9 de dez. de 2014

Guri Vintage - por Iberê Lopes

Foto: Richard Silva 
Eu acordo de bom humor, ligo o som em volumes aceitáveis, danço espalhando água no banheiro e canto no chuveiro acompanhando a letra. 
Demoro para escolher a roupa, pois são cores que devem imprimir meu estado de espírito. Nada me faz sair sem antes agradecer aos deuses afro-brasileiros o dia que vou encarar. 

Algumas frutas tem gosto de despertar: pera e morangos com mel farão parte da mesa matinal. Acendo um incenso, vou até a sacada e ouço os pássaros anunciando a lida. Me corrija se estiver errado ou sou de outro mundo. Se quiser, pode mostrar outra perspectiva além da rotina representada aqui. Mas já aviso, essa dinâmica vai mudar independente das estações do ano. Assim como os móveis, quadros e gostos também serão alterados assim sem uma razão evidente. Tenho ciclos de três meses para tudo quanto há. 

Escuto rock nas alturas e sertanejo baixinho. O local dos livros, discos e dvd´s é um templo. Sagrado feito as estrelas. Justamente por brilharem muito. O que não será alvo de inconvenientes mudanças: o pôster do Pearl Jam na parede, a fé no futuro e a crença na vitória do socialismo. Dias de tristeza, desconsolo e noites de chuva com filmes românticos ou revisitas aos clássicos de Chaplin haverão. Nada que perdure ou seja perpetuado. Saio por aí de bicicleta, num domingo de sol e tudo se renova. 

Futebol não me interessa, só quando quero desligar de tudo. Assisto qualquer partida só pela arte das jogadas. Pulo poças d'água feito criança de maneira incansável. Menino, ao mesmo passo homem. 

Antes de dormir escrevo uma ou duas histórias que rondaram meu pensamento. E por lembrar disso, as poesias. Não posso esquecer de falar delas. Parte importante de todas as horas, assim como as canções. Elas perpassam e permeiam cada detalhe, passo ou instante. Acho que três em um espaço de uma semana é a média. Nem conto direito para não tolher minha criatividade. Terei a incapacidade de dormir com alguma letra de música, acorde ou verdade para dizer entalando meu sono. Gosto de sonhar e para isso as vias precisam estar desobstruídas. 

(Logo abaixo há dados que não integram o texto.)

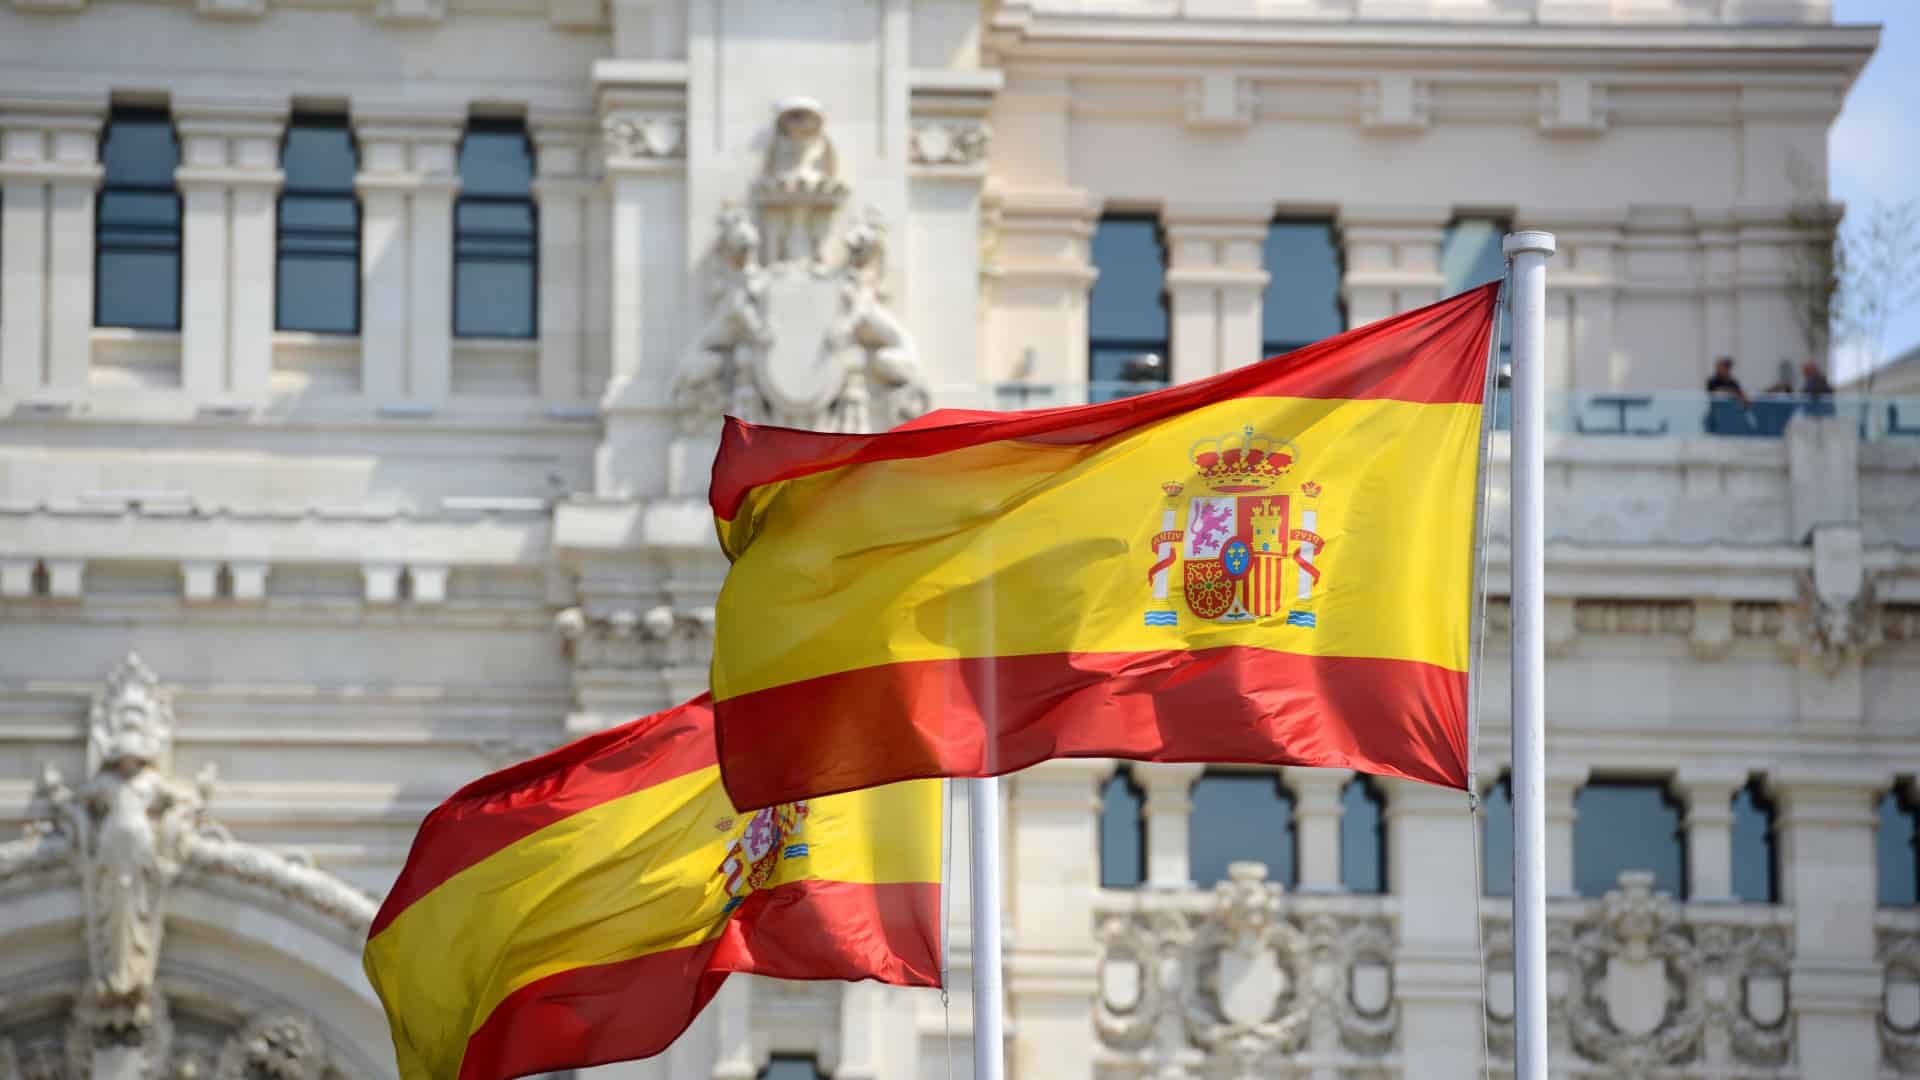 Spain’s Incentives to Counter Russia, Support Ukraine’s NATO Accession, and Grow its Strategic Presence in Europe

Aprendi que discutir relação em excesso enche o saco. Porém, deitar ao lado de quem eu amo de cara amarrada nunca será uma realidade. Uma noite mal dormida por um desentendimento reflete num amanhã de tropeços e desânimo. Eu pergunto como foi o dia e gosto de ser perguntado, respeitando os momentos de silêncio. 

Vinho é indispensável e harmoniza super bem na hora de fazer amor ou contar segredos à meia luz. Surpresas, flores, presentes e beijos sem data marcada são fundamentais. 

Sou independente, impulsivo, amo cinema europeu, latino-americano e documentários sobre os rumos da humanidade. Cafuné alternado, colo quando preciso e muito carinho. Ninguém é pegajoso quando está apaixonado, isso significa entrega. Assim como brigadeiro, a melhor parte é raspar a panela. Para resumir, o toque e o gesto de afeto jamais serão em demasia. A única coisa que fica horrível quando gruda é cola-tudo. Aprecio a liberdade no estado complexo e completo da palavra. Ao imaginar prender e controlar minha vidinha a criatura já me perdeu sem perceber. 

Pipoca feita com duas gotas de dendê e suco de caju. Temperos, perfumes e cheiros pela casa inteira. Incensos à noite também deixarão o lar em perfeita sintonia com o universo. Depois de alinhados os planetas em aquário a gente dança de rosto colado e se ajeita no tapete da sala.

Por fim, numa noite dessas pedi licença à uma amiga muito especial e fiz algumas perguntas que despertaram, numa espécie de divã virtual, este texto. De acordo com a pesquisa sou tranquilo de conviver, observada a margem de erro conforme a proximidade do objeto. Neste caso o objeto sou eu. 

Não sou chato, sou inteligente e tenho qualidades. Informado e sensível, podemos conversar de tudo um pouco tranquilamente. Tenho um estilo alternativo de vestir, grunge cool. A inconstância é um ótimo atributo para evitar a rotina. Pareço um rapaz sério. Sobre ser só, ela me disse que todo o mundo é um tanto ou muito assim. 

O restante se resolve vivendo. Terapia semanal, garrafas de cabernet, orações diárias, amar incondicionalmente são as receitas exatas. E quando tudo parecer perdido caneta e papel na mão, nos versos me refaço e recomeço. É, diante disso posso me definir como um guri vintage, de coração aberto e horizonte claro. É hora de me compartilhar antes que o tempo vire.